The time for Thyme Care…is now (pun fully intended)

There are several important tailwinds that make this a favorable moment to begin executing on a business model like Thyme’s:

  • The cost of cancer care is rising rapidly, and expected to approach $250B by the end of the decade as our population ages.
  • Oncology payment reform is top-of-mind for both CMS and commercial payors. Multiple new care models (e.g., the CMS Oncology Care First model) are actively being designed, and there is an unprecedented willingness on behalf of payors to recognize both high-value providers, as well as new care management and navigation services.
  • Payors like CMS are also looking ahead to more innovative shifts in oncology care (e.g., home-based care), and moving away from previously restrictive constructs such as inpatient-only lists for reimbursement.
  • Reciprocally, oncology providers (and health systems) are increasingly willing to align themselves with new care models, but need additional technology and resources in order to succeed.
  • Digital health has matured as an industry; the know-how, tools, and talent now exists to design, implement, and rigorously measure the impact of value-based oncology interventions.

The data, technology, and care management required to fundamentally rewire cancer care are now within our reach. We can make our collective dollar go much farther — but we need the data to help guide patients to high-value care from the day they first receive a cancer diagnosis, through the maze of multiple providers they will inevitably encounter along the way (including their trusted primary care provider), and ultimately to the outcomes that patients and families want for themselves. This navigation is exactly what Thyme Care offers its members — and this is also what has been fundamentally missing in prior instances of value-based oncology care.

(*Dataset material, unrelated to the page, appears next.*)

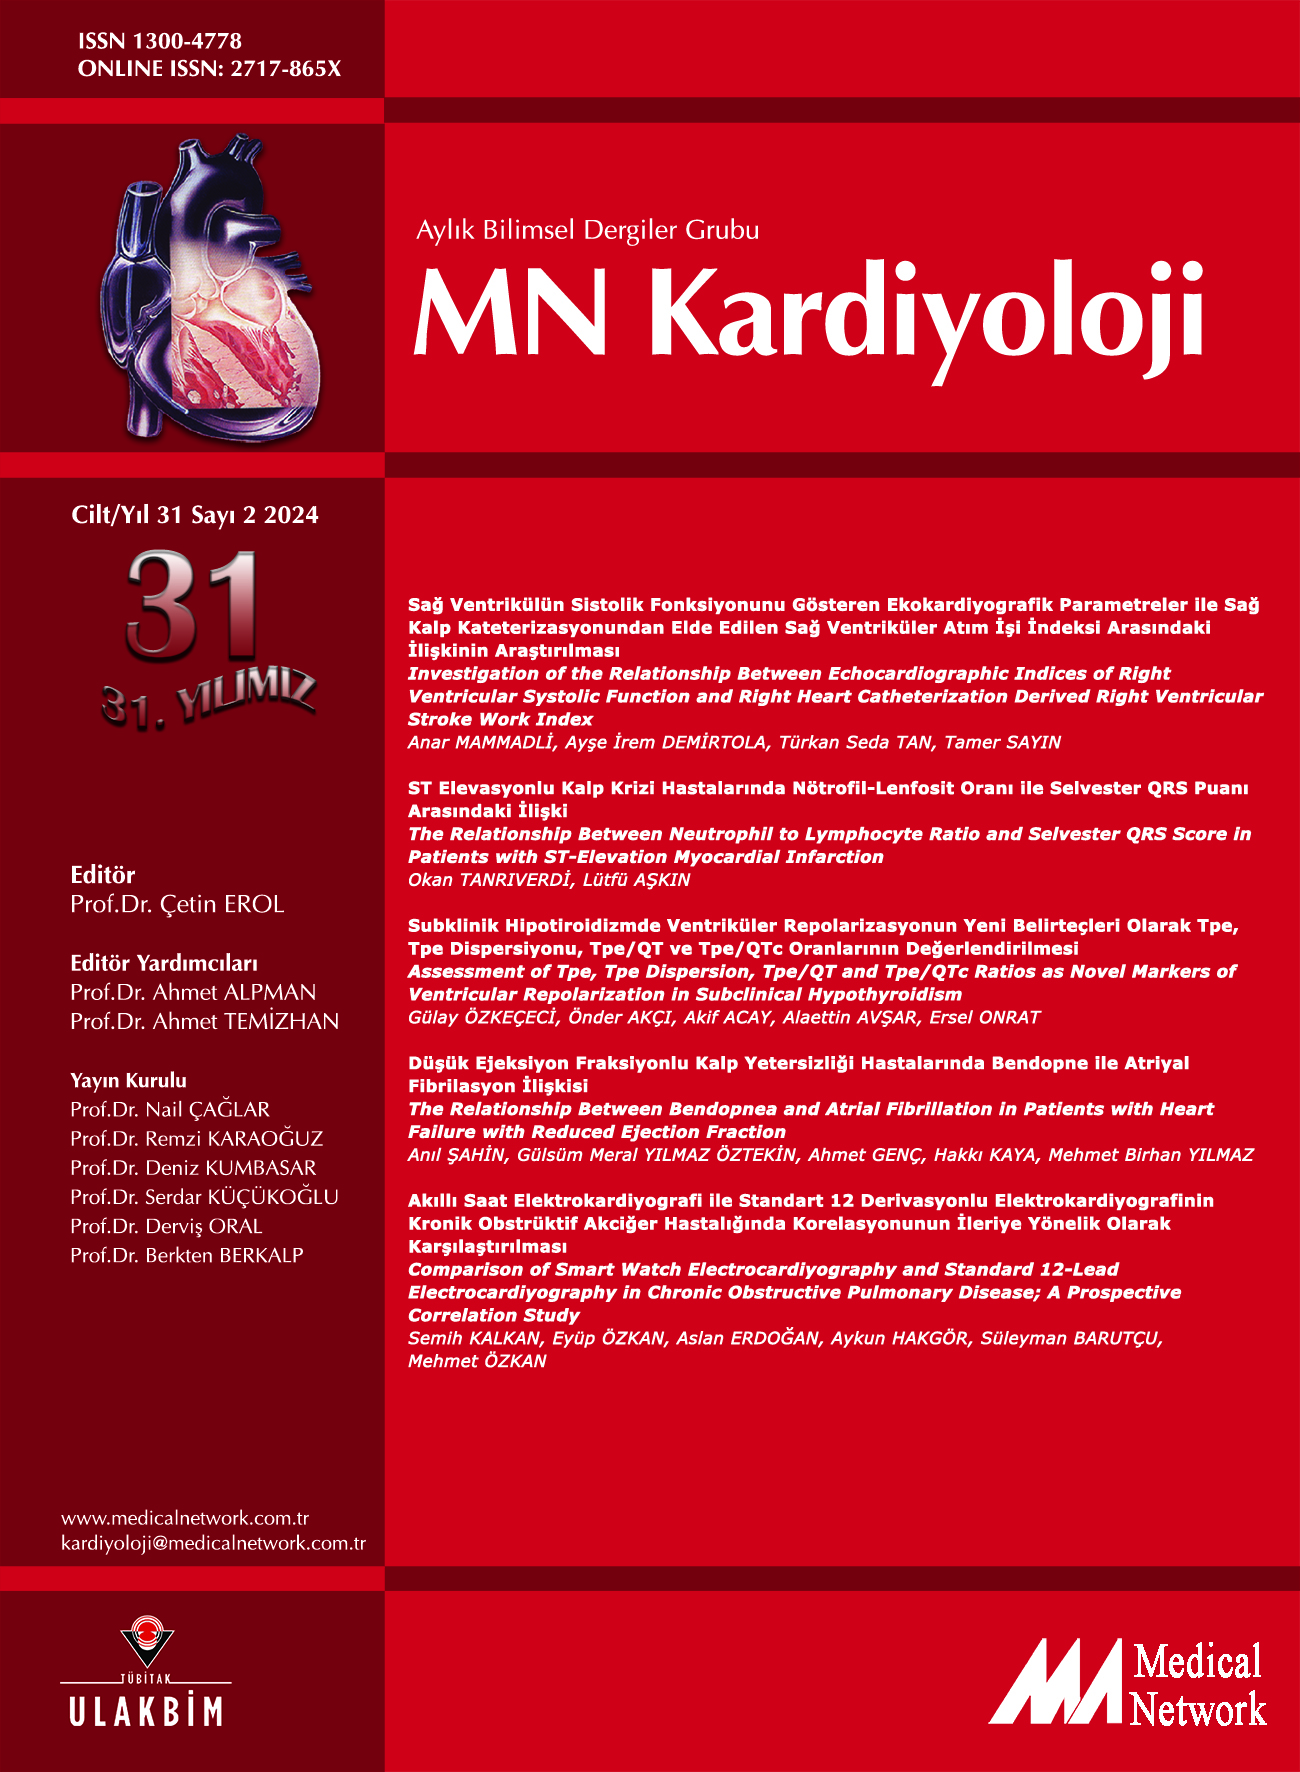 <p>MN Kardiyoloji Cilt: 31 Say: 2 2024 MN Cardiology Volume: 31 No: 2 2024</p>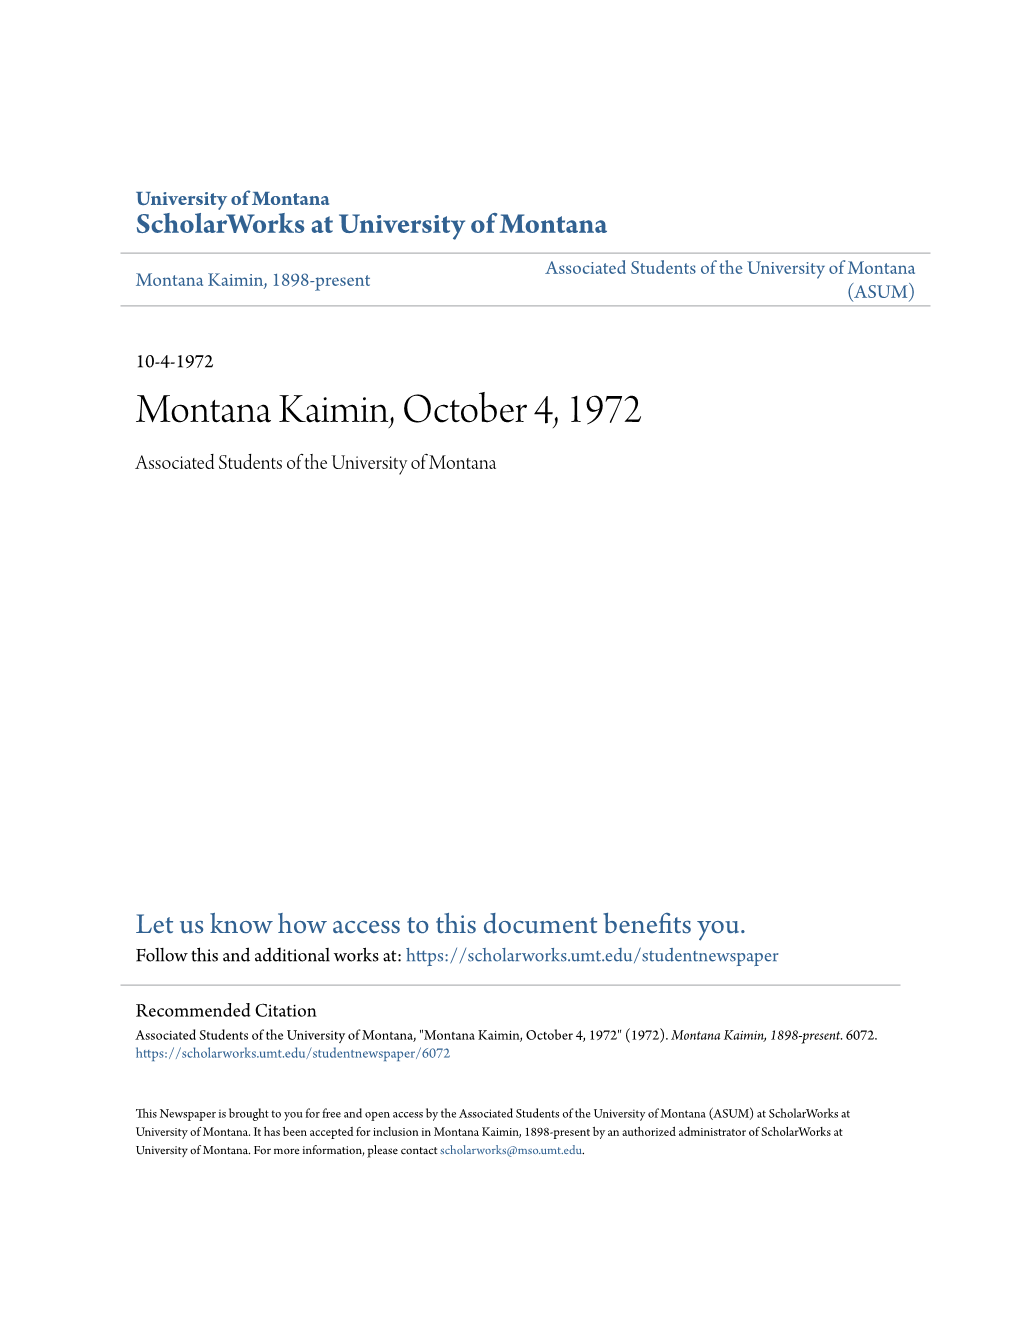 Montana Kaimin, October 4, 1972 Associated Students of the University of Montana

We could not imagine a group better suited to build this company than Thyme Care’s founding team. We have known them individually for many years, via work at Flatiron Health, and have seen up-close their deep commitment to getting to the right answer on behalf of patients. CEO and co-founder Robin Shah has lived and worked in oncology for over 15 years, initially managing various aspects of his father’s busy community oncology practice, then growing Flatiron Health’s large network of data-aligned community oncology clinics, and most recently launching and running a new value-based community oncology network called One Oncology. In each of these settings, he felt a hunger to more dramatically and directly transform the patient experience, which led him to start Thyme Care. His team now includes one of my favorite former colleagues at Flatiron Health: Bobby Green, a kind, brilliant, and magnetic medical oncologist himself and formerly Flatiron’s Chief Medical Officer. When we heard that Robin and Bobby were teaming up, and bringing together a formidable group of data scientists, engineers, commercial leaders, and care delivery specialists in service of this mission — the opportunity ahead was clear.

It is truly special to partner with a team solving an urgent problem that I care about deeply as a clinician. We are honored to be leading Thyme Care’s latest financing and joining the board. While the individual cancer patients who we serve will always remain our north star, I cannot wait to see Thyme’s impact at scale.